Flexible content and metadata extraction framework

Download button

Aperture is a Java framework for extracting and querying full-text content and metadata from various information systems (e.g. file systems, web sites, mail boxes) and the file formats (e.g. documents, images) occurring in these systems.

Features

  • crawl information systems such as file systems, websites, mail boxes and mail servers
  • extract full-text and metadata from many common file formats
  • view files in their native applications
  • ease of use: easy to learn, easy to code, easy to deploy in industrial projects
  • flexible architecture: can be extended with custom file formats, data sources, etc., with support for deployment on OSGi platforms
  • data exchange based on Semantic Web standards (e.g.
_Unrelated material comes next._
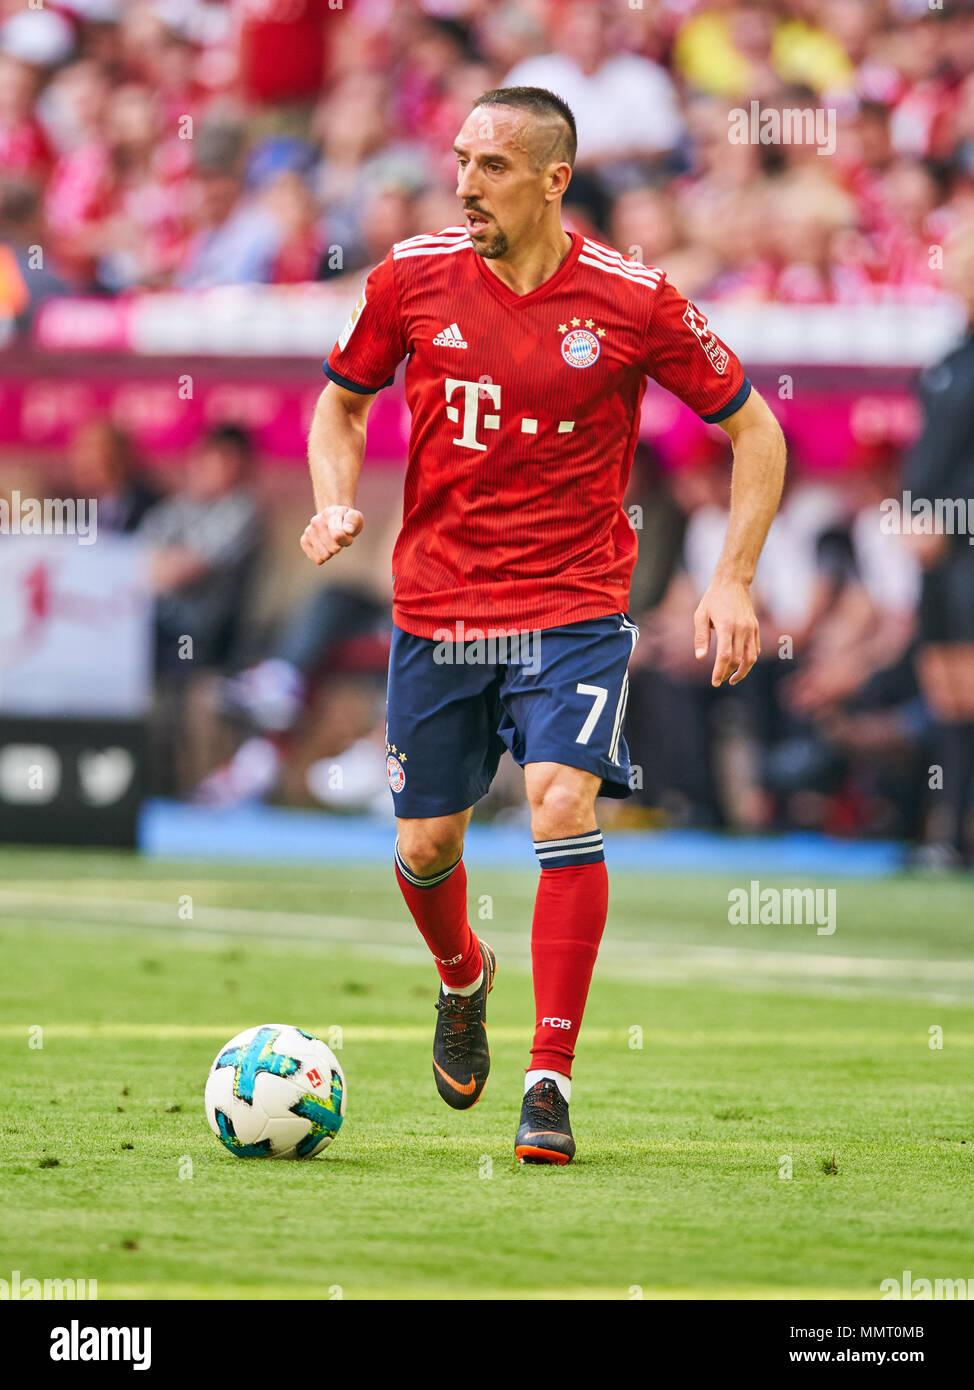 Maglia Home FC Bayern München Franck Ribéry
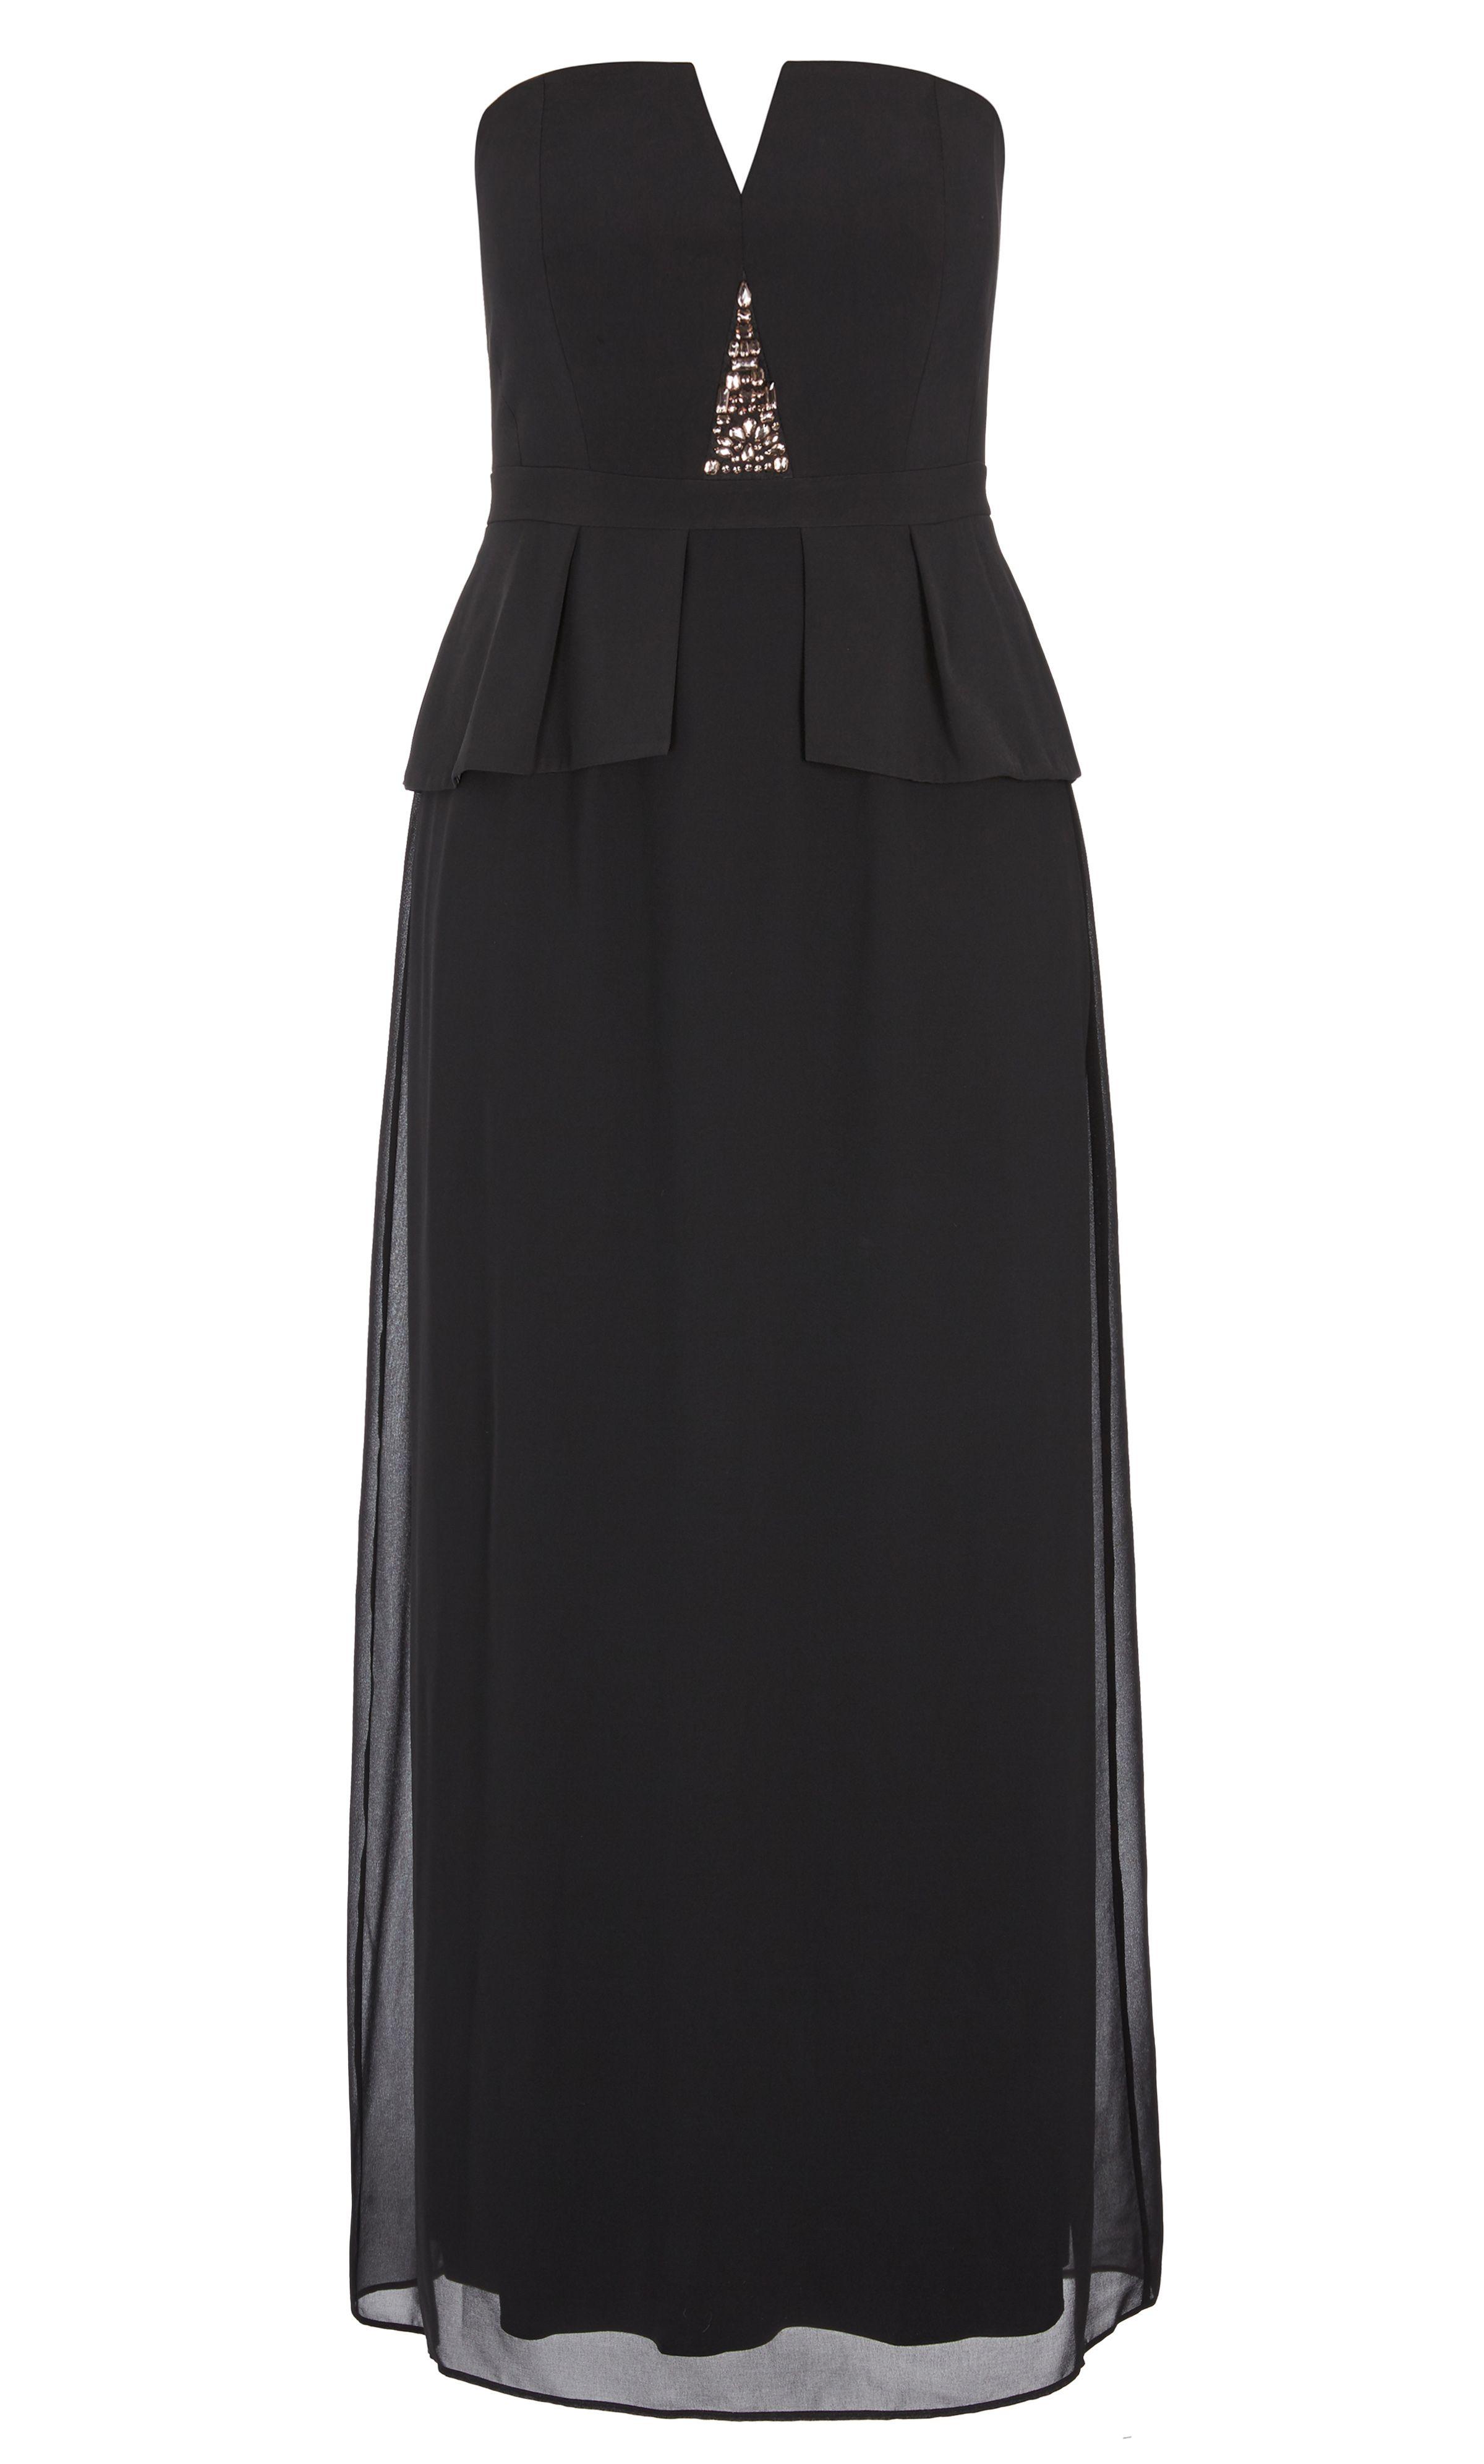 fe1913aa1d3 City Chic - BEADED VIXEN MAXI DRESS - Women s Plus Size Fashion ...

RDF, SPARQL, ...)

Supported file formats

  • plain text
  • HTML, XHTML
  • XML
  • PDF (Portable Document Format)
  • RTF (Rich Text Format)
  • Microsoft Office: Word, Excel, Powerpoint, Visio, Publisher
  • Microsoft Works
  • OpenOffice 1.x: Writer, Calc, Impress, Draw
  • StarOffice 6.x - 7.x+: Writer, Calc, Impress, Draw
  • OpenDocument (OpenOffice 2.x, StarOffice 8.x)
  • Corel WordPerfect, Quattro, Presentations
  • e-mails (.eml files)

Crawlers

Crawlers support the extraction of information from heterogenous data sources. At the moment we support the following source types:

  • file systems (local, remote, removeable media)
  • websites and intranets
  • IMAP e-mail servers
  • Microsoft Outlook (alpha)

Community

DFKI

Aperture is developed by a community of developers and users, lead by engineers from Aduna and DFKI, the premier German institute for artificial intelligence research.